Train Accuracy: 9.3750 [48/512]
Cumulative error sum:  32.791540026664734
Train Accuracy: 11.1328 [57/512]
Cumulative error sum:  29.287562489509583
Train Accuracy: 10.9375 [56/512]
Cumulative error sum:  24.683462738990784
Train Accuracy: 8.7891 [45/512]
Cumulative error sum:  22.476744771003723
Train Accuracy: 12.8906 [66/512]
Cumulative error sum:  19.47743135690689
Train Accuracy: 9.7656 [50/512]
Cumulative error sum:  18.563248455524445
Train Accuracy: 8.3984 [43/512]
Cumulative error sum:  20.311830699443817
Train Accuracy: 12.8906 [66/512]
Cumulative error sum:  19.25118178129196
Train Accuracy: 11.1328 [57/512]
Cumulative error sum:  15.79049265384674
Train Accuracy: 13.2812 [68/512]
...

I’ve already tried different learning rates, as well as different optimizers, also tried different combos of losses (logit+crossentropy and log_softmax+nllloss).Additionally I’ve tried training on the whole trainset, which didn’t help either. If you see any issue in my code, I would really appreciate if you help me to figure it out, I am stuck with it for a fair amount of time already.

Regards,
Bollo7

ptrblck · March 29, 2020, 6:15am

The code looks generally alright.
However, I’m not sure, if freezing the features will work that well for CIFAR10, as VGG was pretrained on ImageNet, which uses images in the shape [3, 224, 224]. The kernels will thus be adjusted to this resolution and you might need to retrain them.

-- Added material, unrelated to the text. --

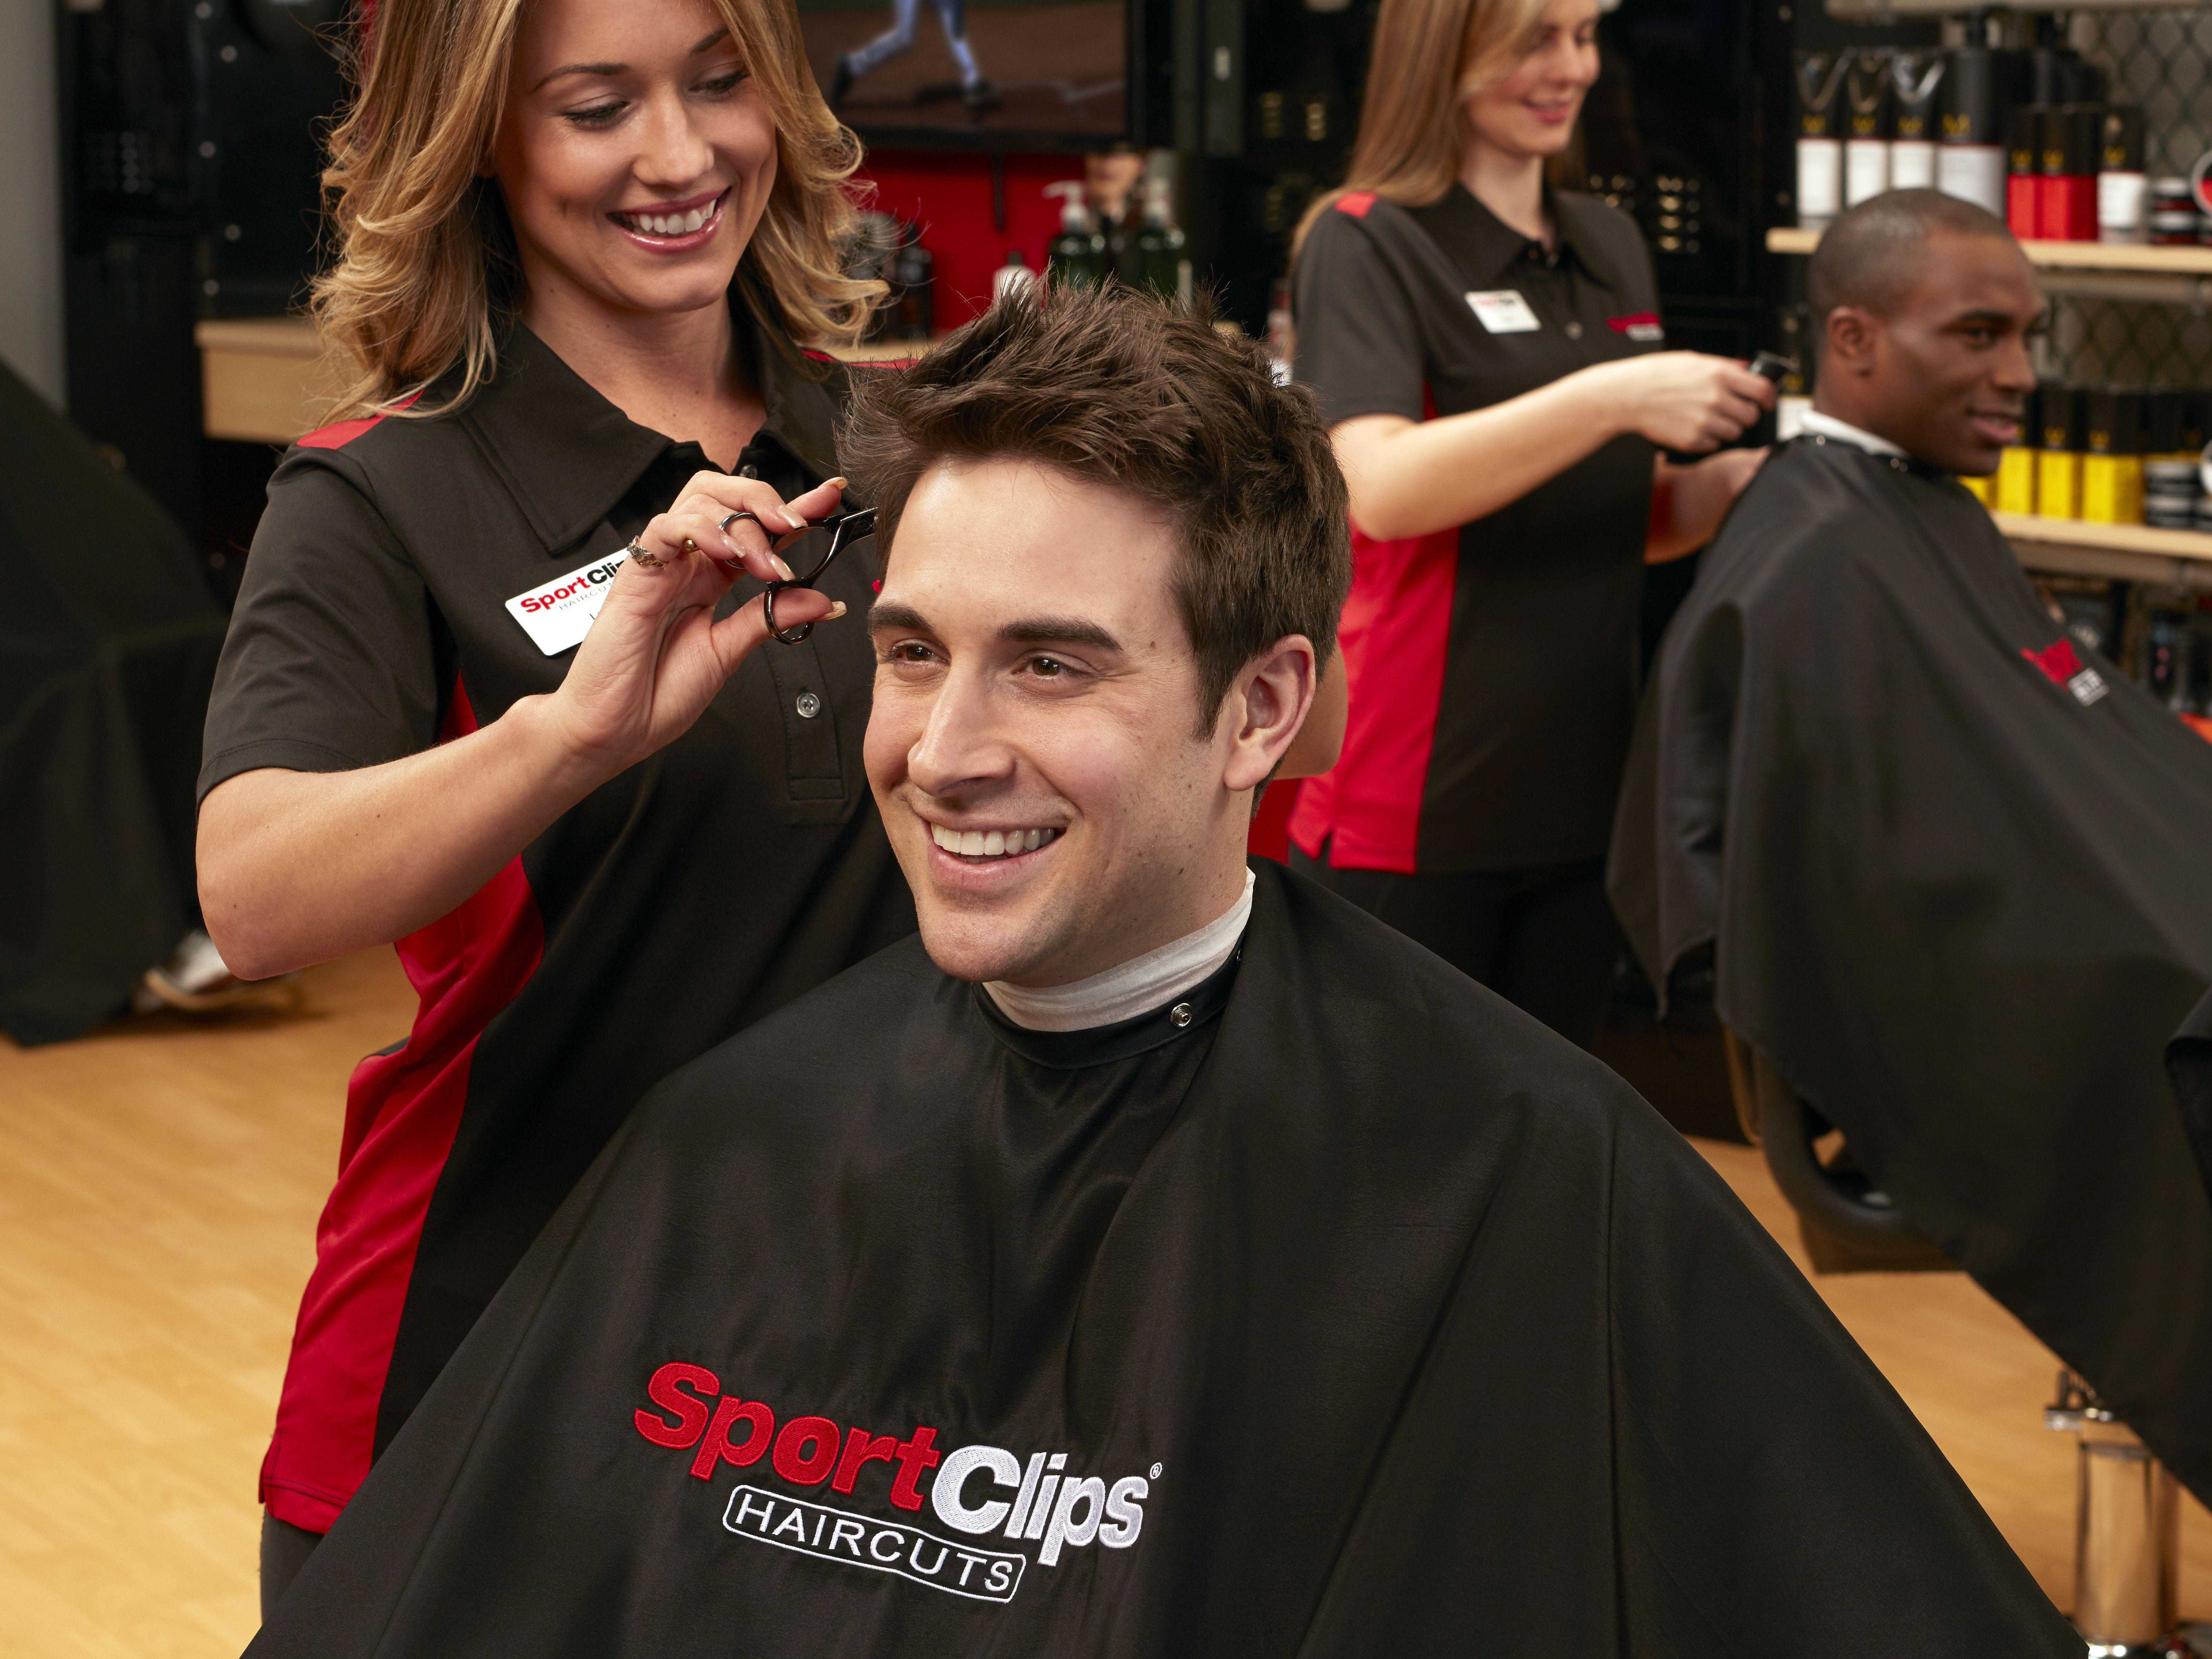 Sport clips haircuts ctgqyp

Could you alternatively try to resize the CIFAR10 images to 224x224 and see, if that yields better results?

Bollo7 · March 29, 2020, 11:01am

Hello,

I resized input images, but no imporvement at all. Also, I noticed that loss is generally going down, while accuracy is not improving:

Train Accuracy: 9.5703
Cumulative error sum:  13824.971725463867
Train Accuracy: 9.9609
Cumulative error sum:  345.5339570045471
Train Accuracy: 9.3750
Cumulative error sum:  3.0264686048030853
Train Accuracy: 8.9844
Cumulative error sum:  3.2001159489154816
Train Accuracy: 13.4766
Cumulative error sum:  2.412979692220688
Train Accuracy: 10.3516
Cumulative error sum:  2.396394908428192

Bollo7 · March 30, 2020, 1:46pm

Hello,

I figured out what was wrong:

apparently I initialized weights to FC part of network wrong! Your post there helped me to solve my problem, thank you anyway for responding!